If your algorithm follows the above spec, you can easily use it with the `lol.xval.eval` for classification accuracy of your embedding algorithm. Having the algorithm and its prediction technique sourced:

```
classifier = <your-classifier>
# if your classifier requires additional hyperparameters, a keyworded list
# conaining additional arguments to train your classifier
classifier.opts = list(<additional-arguments>)
# if  your classifier requires no additional hyperparameters
classifier.opts = NaN
# if your classifier prediction returns a list containing the class labels
classifier.return = <return-labels-argname-string>
# if your classifier prediction returns only the class labels
classifier.return = NaN
```

For example, my algorithm can be be set up as follows:

```
classifier = lol.classify.nearestCentroid
classifier.opts = NaN  # my classifier takes no additional arguments, so NaN
classifier.return = NaN  # my classifier returns only the prediction labels, so NaN
```

The algorithm can then be incorporated as a classification technique to evaluate prediction accuracy after performing an embedding:

```
# given data X, Y as above
xval.out <- lol.xval.eval(X, Y, alg=<your-algorithm>, alg.opts=<your-algorithm-opts>,
                          alg.return = <your-algorithm-embedding-matrix>,
                          classifier=classifier, classifier.opts=classifier.opts,
                          classifier.return=classifier.return, k=<k>)
```

See the tutorial vignette `extend_embedding` for details on how to specify `alg`, `alg.opts`, and `alg.return` for a custom embedding algorithm.

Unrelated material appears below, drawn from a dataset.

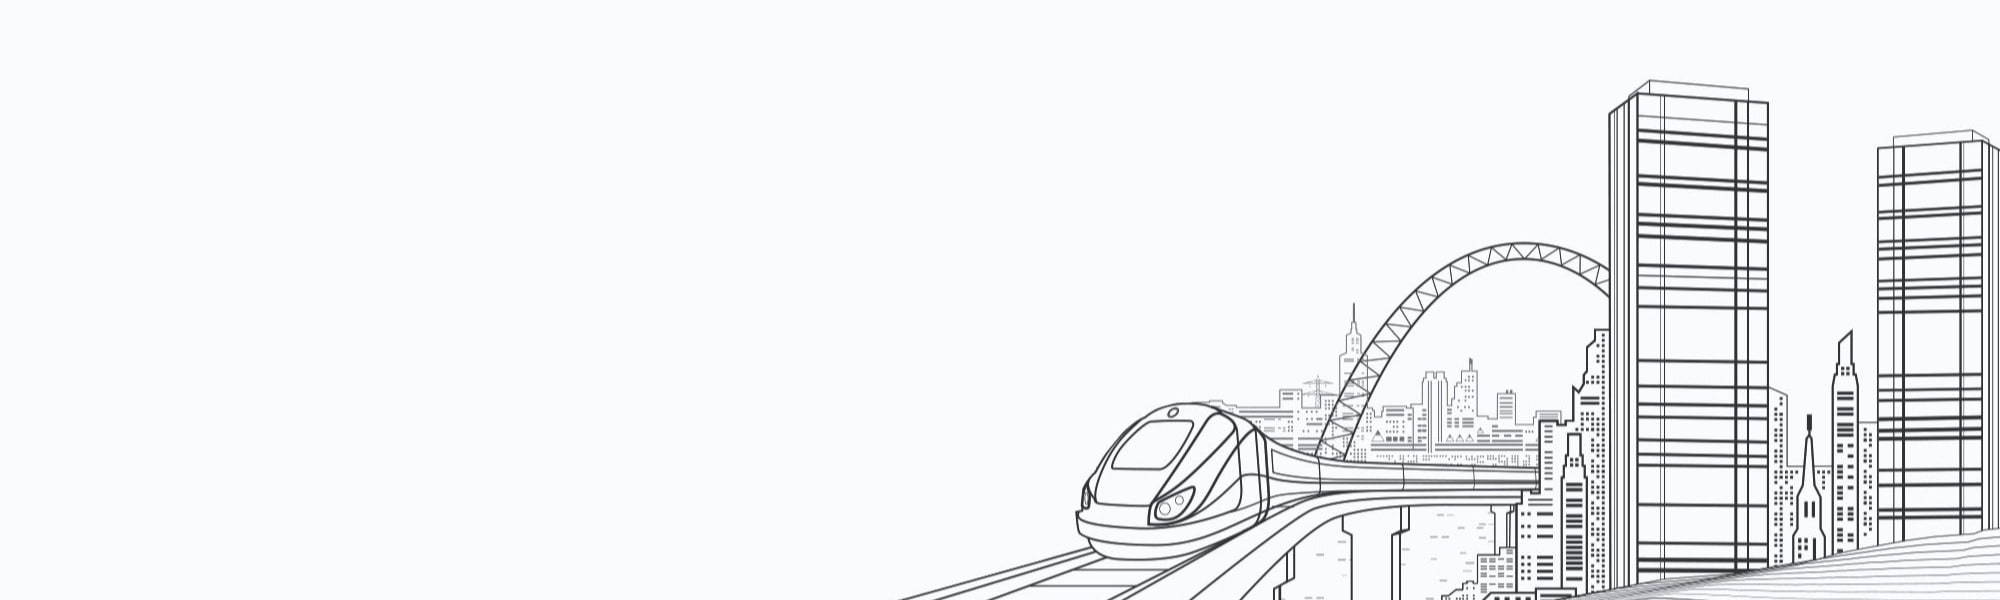 Banner image of cityscape with train

Note for instance that the `randomForest` package includes the `rf` classification technique that is compabible with this spec:

```
require(randomForest)
classifier=randomForest
# use the randomForest classifier with the similarity matrix argument
classifier.opts = list(prox=TRUE)
classifier.return = NaN  # predict.randomForest returns only the prediction labels
xval.out <- lol.xval(X, Y, alg=<your-algorithm>, alg.opts=<your-algorithm-opts>,
                     alg.return = <your-algorithm-embedding-matrix>,
                     classifier=classifier, classifier.opts=classifier.opts,
                     classifier.return=classifier.return, k=<k>)
```

Now, you should be able to use your user-defined classification technique, or external classification techniques implementing the `S3` method `stats::predict`, with the `lol` package.